The Most Favoured of Fionn
Irish and Celtic myths and legends, Irish folklore and Irish fairy tales from the Fenian Cycle
The secret of Fionn's close relations!
There are few these days who have not heard of Fionn Mac Cumhaill, hero and defender of Ireland, or at least might recognise his name. But there were no creatures that Fionn loved amongst his three hundred dogs more than his two favourites, Bran and Sceolan, meaning Raven and Survivor, and though it’s a stranger story than most, this is the tale of how they came to be.
I'll tell you though, however people feel about Fionn, there are some who don't like dogs at all, and just such a person had made his stronghold overlooking Galway bay. His name was Fergus Fionnliath, and he hated dogs so much that he’d go black in the face when he saw one. He’d throw rocks at the dog until it fled, although he had a squint in his eye so he threw crooked.

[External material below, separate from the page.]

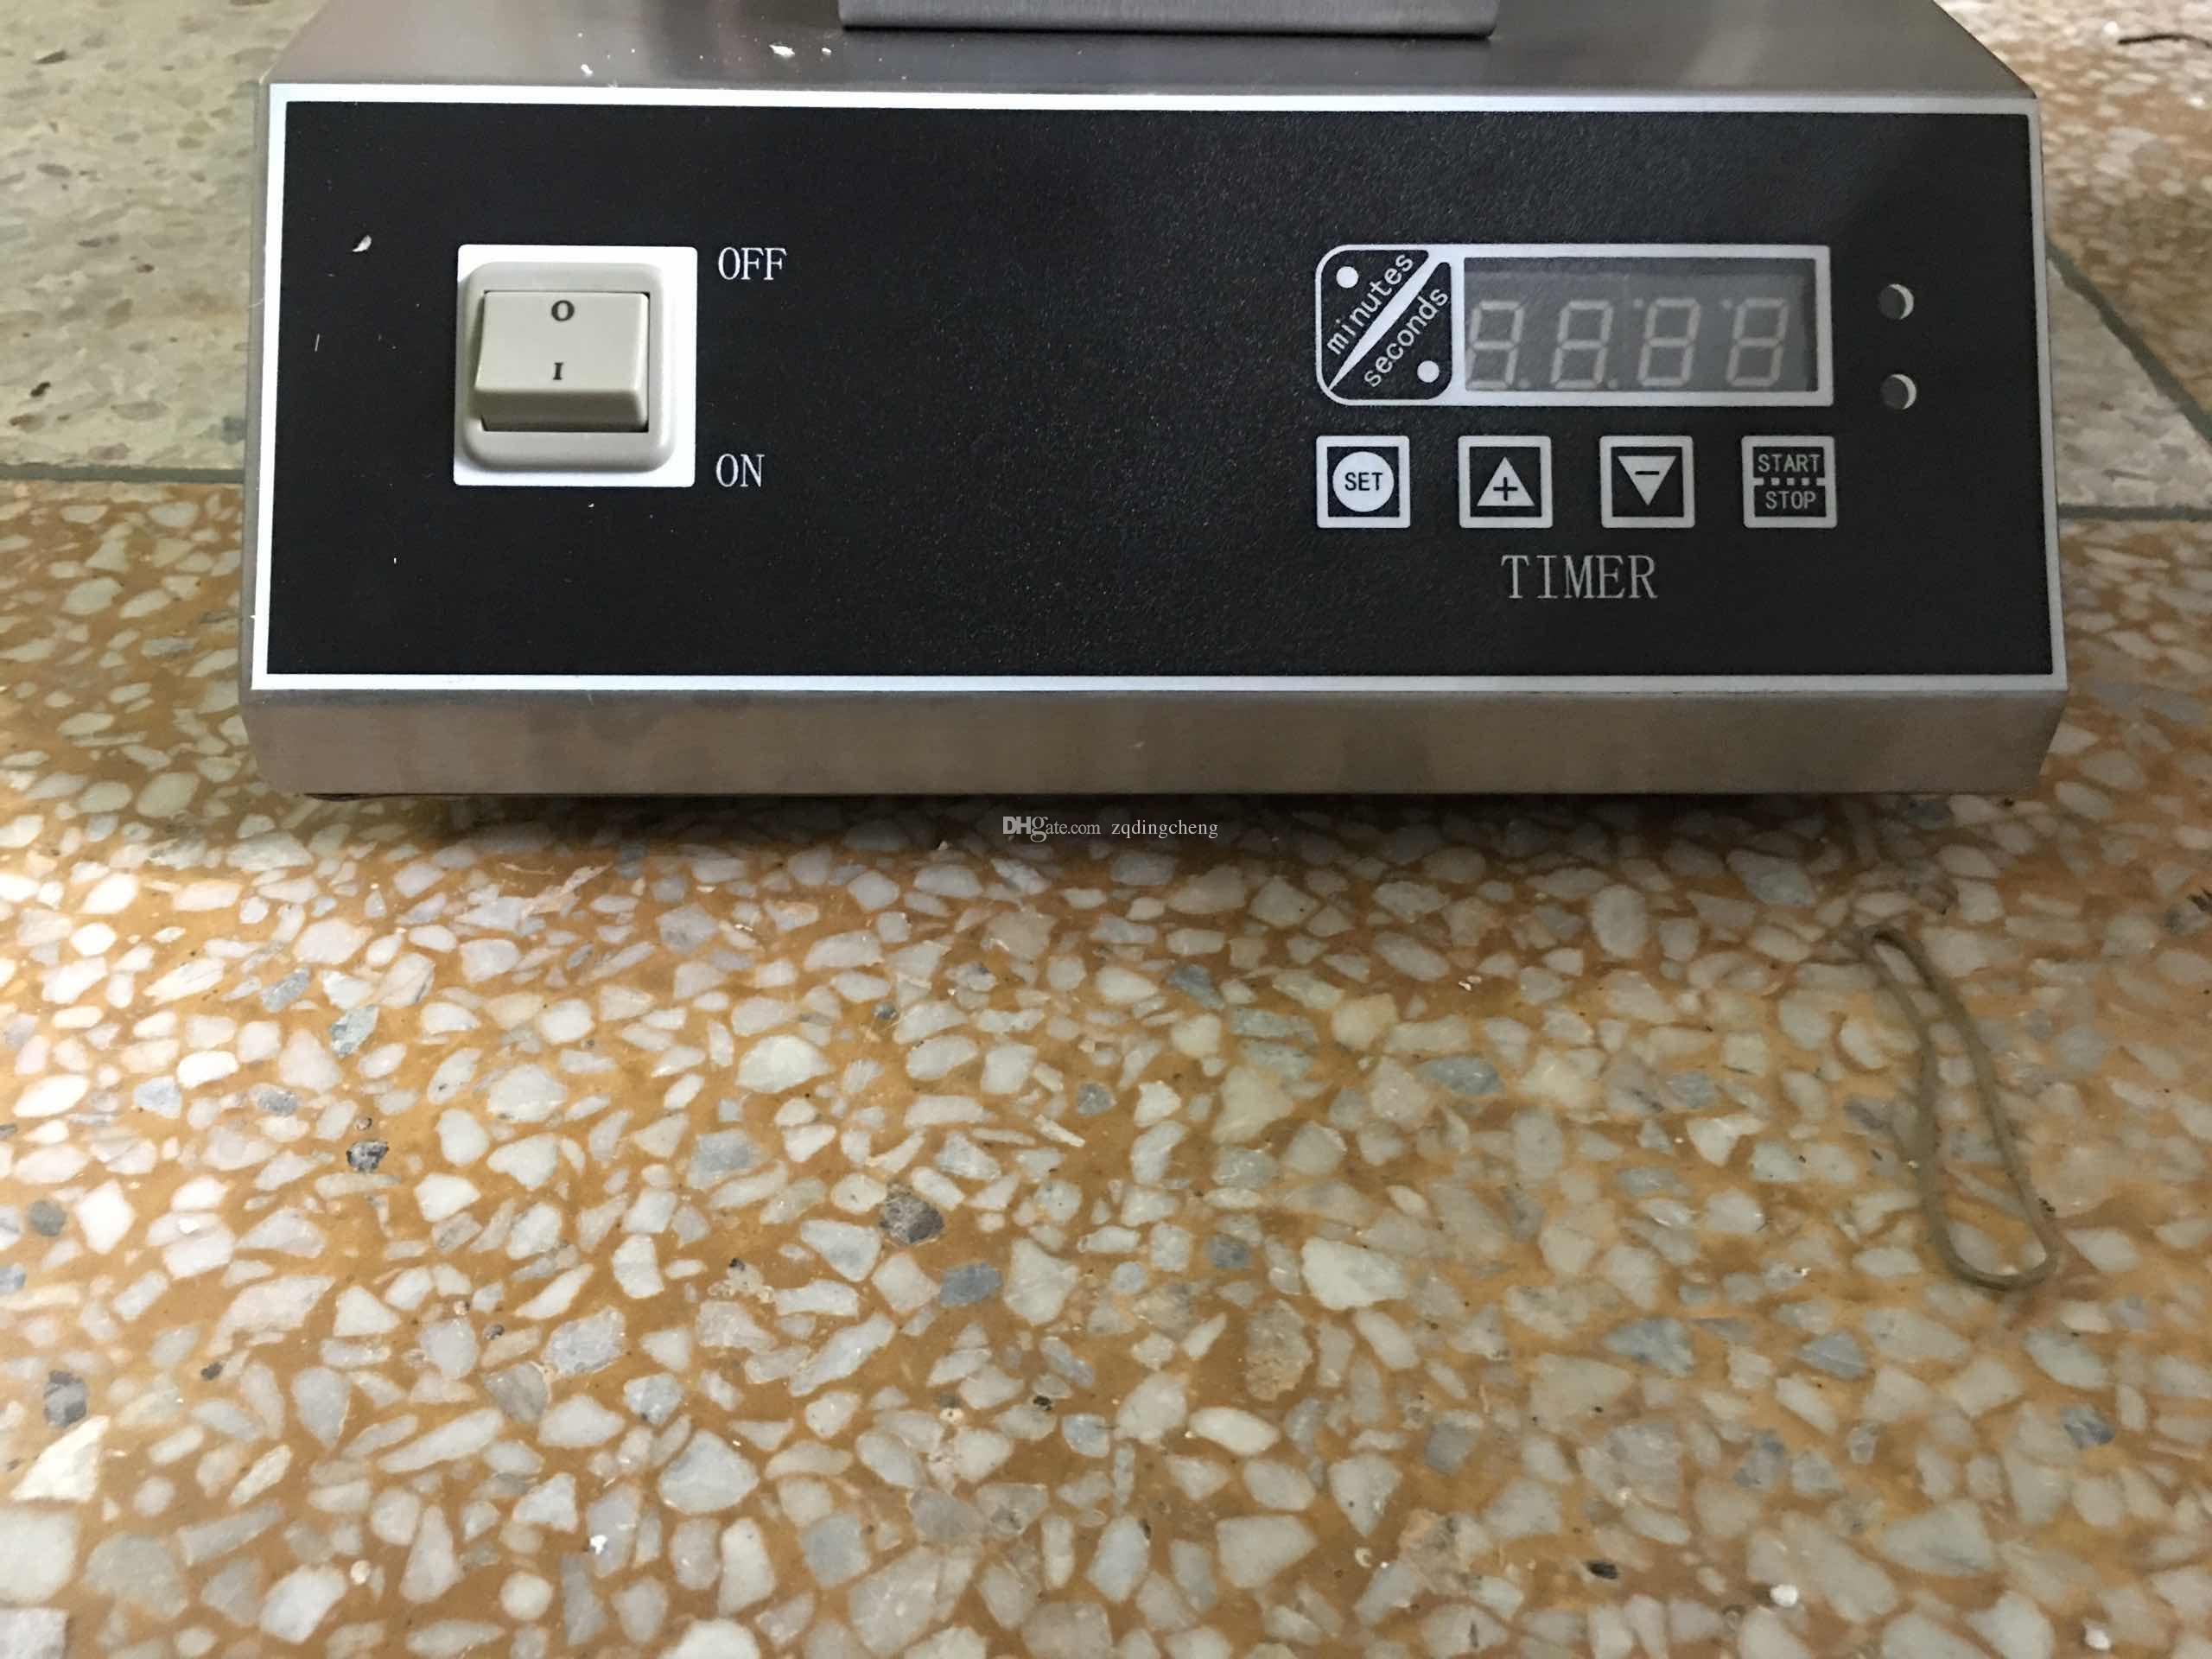 مع نوع الرقمية صانع الهراء البيض سميكة 3 طبقات سطح غير لاصقة

If he heard a dog barking he’d leap from his seat and throw everything he owned out the window towards the sound. He would give gifts to servants who demonstrated they also didn’t like dogs, and when he heard of a man who had drowned a litter of pups, he tried to marry his daughter.
Fionn was of course the complete opposite, he loved dogs and knew all there was to know about them from the setting of the first little white tooth to the rocking of the last long yellow one, how far to train them without making them servile and suspicious, all they felt and thought, for it is only by understanding that we can truly come to love things.
It happened one time that Fionn’s mother Muirne came to visit him at Tara of the Kings, and with her came her younger sister Tuiren. Muirne wa a woman of surpassing beauty, but even she paled by comparison to Tuiren.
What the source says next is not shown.